Fig. 4: Overview of speech neuroprosthesis. | Communications Biology

Fig. 4: Overview of speech neuroprosthesis.

From: Progress, challenges and future of linguistic neural decoding with deep learning

Fig. 4

a The experimental setting for inner speech recognition. From the neurological perspective, brain waves control the movement of the articulatory system to complete the pronunciation of each phoneme in a series, indicating the mapping from evoked brain signals to movements of the articulators to phonemes. The classification and recognition module is adopted to generate the corresponding phoneme sequences before leveraging the language model to form word sequences. b The comparison between ASR and inner speech recognition (ISR).
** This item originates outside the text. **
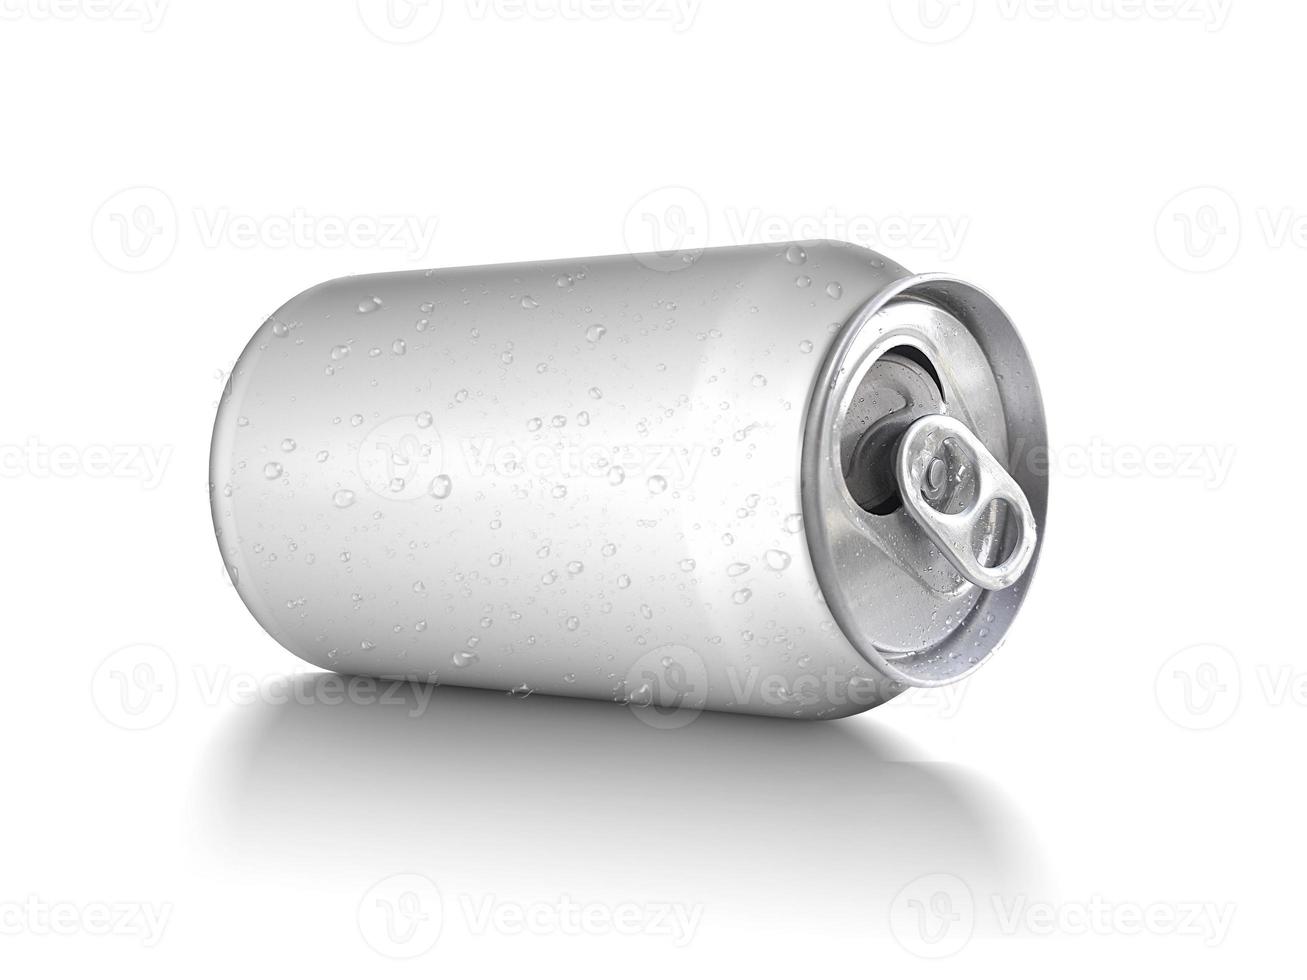 refrigerante em branco vazio amassado e lata de cerveja lixo, lixo esmagado pode reciclar isolado no fundo branco foto

The raw time-series signals are processed for feature extraction and then fed into the acoustic and brain models, respectively. Both models aim to bridge the relationship between learnable features related to acoustics and phoneme sequences. The Viterbi decoding algorithm is performed on the sum of the phoneme probability from the acoustic/brain model and the language probability derived from a language model trained on an extensive corpus to generate the decoded word sequences. c The brain model can be implemented to decode various modalities. For inner speech recognition, the phoneme and word sequences are decoded with the aim of language models. For brain-to-speech decoding, the speech waves are synthesized according to the articulator gestures, synthesizer parameters or speech properties. By modeling the articulator gesture probability and adopting a gesture-animation system, the talking head can be generated. Different modalities are associated through TTS, ASR, talking head generation (THG) and synthesis methods. d The acoustic-related brain activities show the potential to develop communication-aided BCI for ALS patients, considering the decoding feasibility of text, speech and facial expressions. The articulation and ALS icons are from Oxford Academic, Springer Open, and Iconfinder. The talking head image is from ref. 153.